We had been staring at the gray clouds for so long that we had convinced ourselves they were impotent. Nothing could stand in the way of these four intrepid travelers! And just after we passed the last possible moment to exit to our house and away from the clouds, those clouds burst. With a vengeance. On a stretch of Beltway called “The Mixing Bowl” where it would be suicidal to try to pull off onto a shoulder and don rain gear. Where the rain pelted down so hard and so quickly that it would be useless to try to pull off and don rain gear as our clothing was no longer dry enough to even try to protect. We were drenched in moments. Saturated. Sodden. And laughing at the absurdity of it all. Ten more minutes and S and K could have been home dry. Fifteen more minutes, and L and I could have made it as well. But no, first one last cosmic joke.

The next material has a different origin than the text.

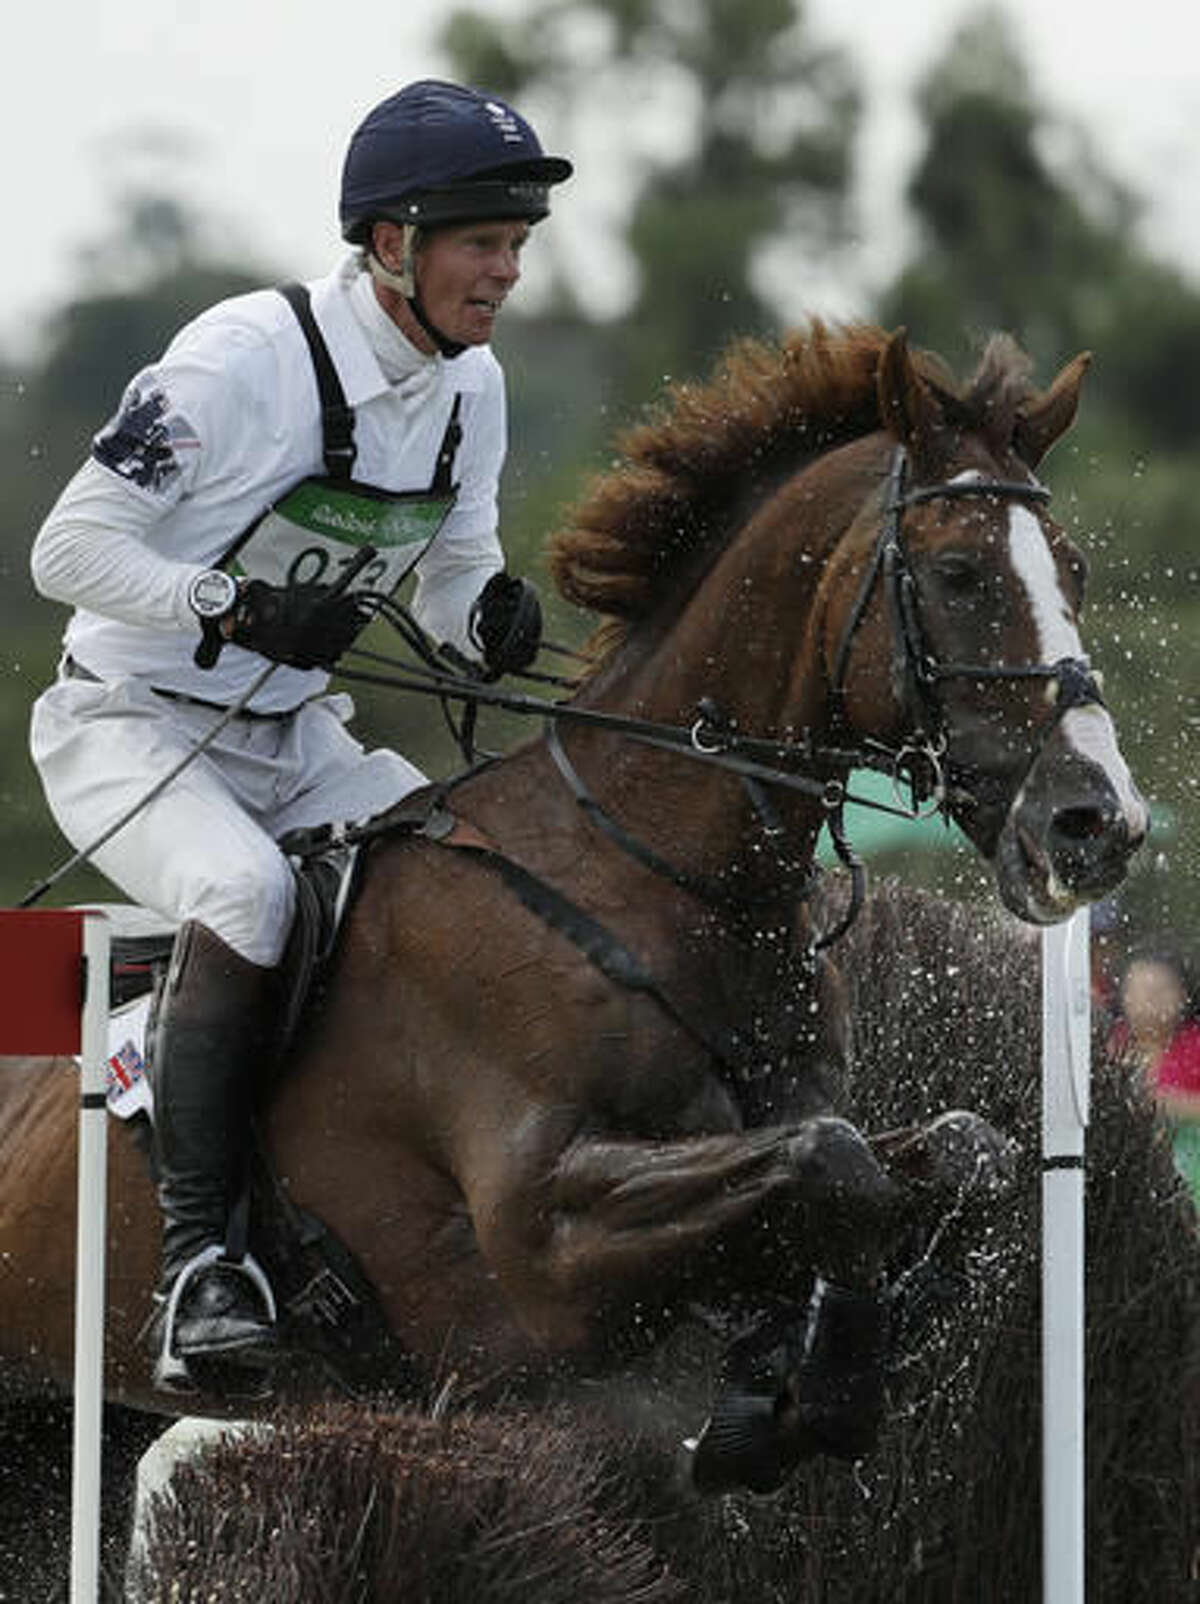 William Fox-Pitt, of Great Britain, competes on Chilli Morning in the equestrian eventing cross country phase at the 2016 Summer Olympics in Rio de Janeiro, Brazil, Monday, Aug. 8, 2016. (AP Photo/John Locher)

In the end, we waved goodbye anyway as we parted at a stop light. There was obviously not going to be a leisurely goodbye in their driveway with this rain. L and I headed to our own home, L leading. Two miles left to our own driveway, and l drove through a huge standing puddle of water in the road. She watched in her mirror as she saw a huge plume of water stream off the back wheels of the trailer, arc majestically in the air, and crash right into my face. We laughed so hard that we almost ran off the road.

Daily Recap: 480 miles, States: Return through OH, PA, MD, and PA

Total trip recap: 7,784 miles, or 338 miles/day average. A few hundred photos. About 144 freezer bag meals. Can’t even imagine how many ounces of Gatorade. About 65 gas stops. One lost retainer. One back broken, then repaired. 5 oil and/or repair stops. Amazing wildlife viewed. Postcard quality scenery seen. Countless laughs enjoyed. And friends for life. Priceless.